They continued to play for a few more games before Kakashi announced that he was going to take a walk around the place. Gai nodded and said that he would take a brief nap and maybe join him later. His friend made no comment at this and simply left. Bushy eyebrows pinched together deviously. He reached over and picked up the phone. His fingers flew over the buttons and soon he heard ringing in the earpiece.

"Hello, Iruka here. Can I help you?"

Gai grinned. "Do you know where Kurenai is?"

He could her Iruka tapping his fingers as he thought. "Hmmmm...yes she's in Katahoko. She's-"

"That's near Sauna, isn't it?"

"Well, yes, they get their-"

"About an hour walk?"

Iruka coughed. "Hour walk?? It'd be at least half a day's trip by foot."

Gai gave a hearty laugh. "You forget! I am MAITO G-" He looked at the door and lowered his voice. "I am Maito Gai! I'll get there in an hour or less. Thank you, Iruka. You've been great help." Gai hung up the phone before the teacher could inquire more about his intentions.

Knowing Kurenai, she was likely finished with the mission and gearing up to return to Konoha. If he was swift he would be able catch her and invite her to the spa with them. Kakashi would be forever in his debt. He could see the expression on his rival face. Gai paused. Well, the part of his face that could be seen. But nonetheless this would surely put him ahead even if it did mean he'd likely be disgusted the rest of the trip by their cutesy flirting.

A moment of doubt fluttered through his mind. Did he really want to live with that? "NO!", he admonished himself. " I must rise about my petty jealousies. My friend has the pain of heartbreak and only one thing will heal him and return him to his normal frustratingly hip and irritatingly cool demeanors. And that is a certain genjutsu-using beauty and I, Maito Gai, Star of Konoha, will find her and retrieve her!"

He dashed out the door. Kakashi opened the door to the bathroom and walked into the room. He stared at the door then smiled. "I'm relying on you, Gai." He sat down and smiled to himself. His plan worked perfectly. " I wonder what's on T.V. " He popped on the television and settled the channel to a talk show.

Kankurou returned in time to see Gaara eating on a steak. "You guys ordered food? Is that steak?!" He sat down beside his brother and stole the fork with a plump square of beef at the end from him. "Nnnn, you should have came and got me."

Gaara glared at him and snatched the fork back. "You shouldn't have run off.
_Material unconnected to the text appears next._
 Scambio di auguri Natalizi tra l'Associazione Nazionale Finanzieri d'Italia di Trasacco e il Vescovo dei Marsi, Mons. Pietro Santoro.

You'll just have to order something on your own." He opened his mouth to place the food in but his older brother had plucked it from the fork with his fingers and was chewing it with gusto. "... ... Next time...I'm going to stab you."

They glared at each other for a second. Naruto nudged Sasuke. "They kinda remind me of us."
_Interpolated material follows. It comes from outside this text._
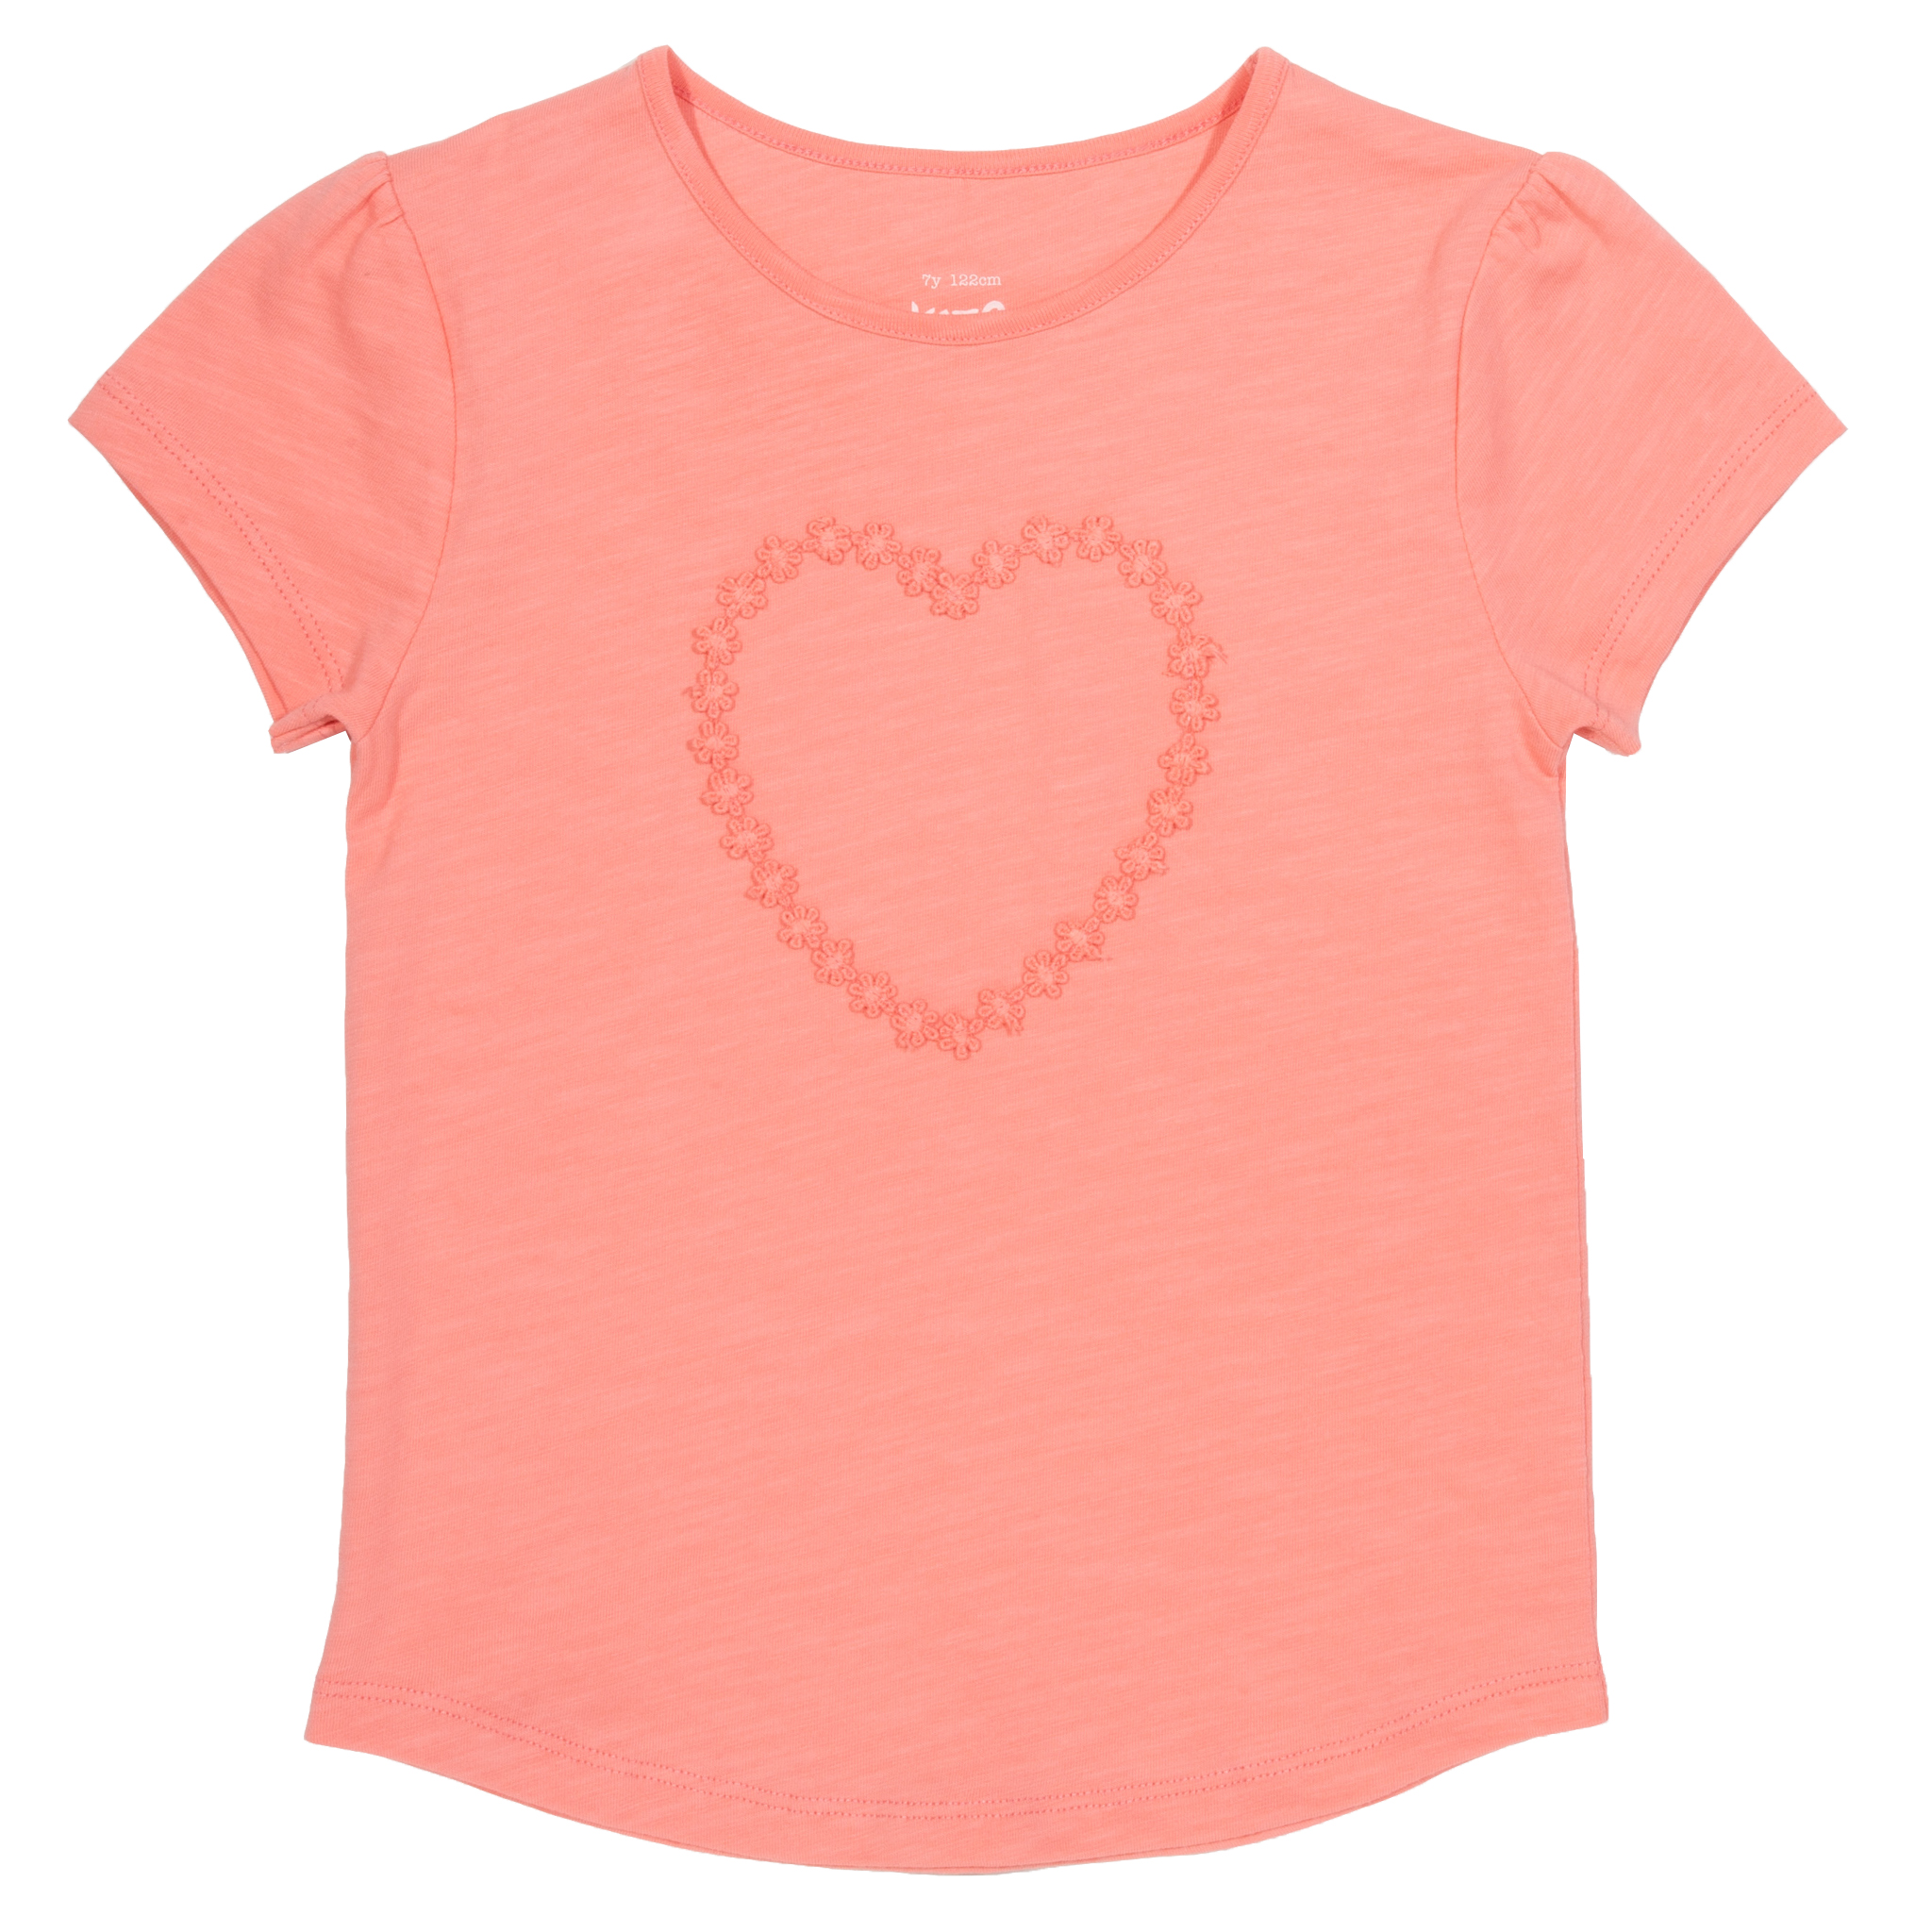 Kite Daisy Heart T Shirt

Sasuke nodded. "I'd be Gaara."

Naruto thought about this for a moment. He smiled and looked at his friend. "You wouldn't stab me with a fork, right?" Silence. "Sasuke?" More silence. "Hey, hey...you-"

"Hey, Neji, what's on TV?" Sasuke got up, avoiding the question. He stepped over Naruto, who fell down.

"Sasuke you bastard!"

Gaara, meanwhile cut himself another square of steak, ever mindful of his hungry ogre of a brother hovering over his shoulder. "Get your own."

Kankurou put his head on his brother's shoulder and tried to look pitiful. "Sure looks tasty..."

Gaara shoved him away with his shoulder. "I am going to stab you, Kankurou." He glared at the steak and jammed the fork into the meat. "In. The. Head." He lifted the morsel to his mouth but Kankurou gave an exagerated sneeze. Gaara could see a bubble of spittle on the meat and growled holding it over to his brother.

"Why thank you!"

Shikamaru watched them fight for a while. "Why don't you give him half, Gaara?"

Kankurou barely missed his finger being impaled on a fork. "Yeah, give me half, brat. You got to eat already." Knowing he was outnumbered and that Shikamaru was right, Gaara relinquished half of his steak to his older sibling.

Rock Lee was doing one handed push-ups on the floor with Naruto on his back, keeping count. "After Gaara-kun and Kankurou-san are done with their meal. I suggest we hit the..." He reached his free hand out and grabbed a brochure for the end table. " Fresh Air hot springs. 'Enjoy the beauty and tranquility of nature with our layered springs set in the heart of the mountain.'" He read.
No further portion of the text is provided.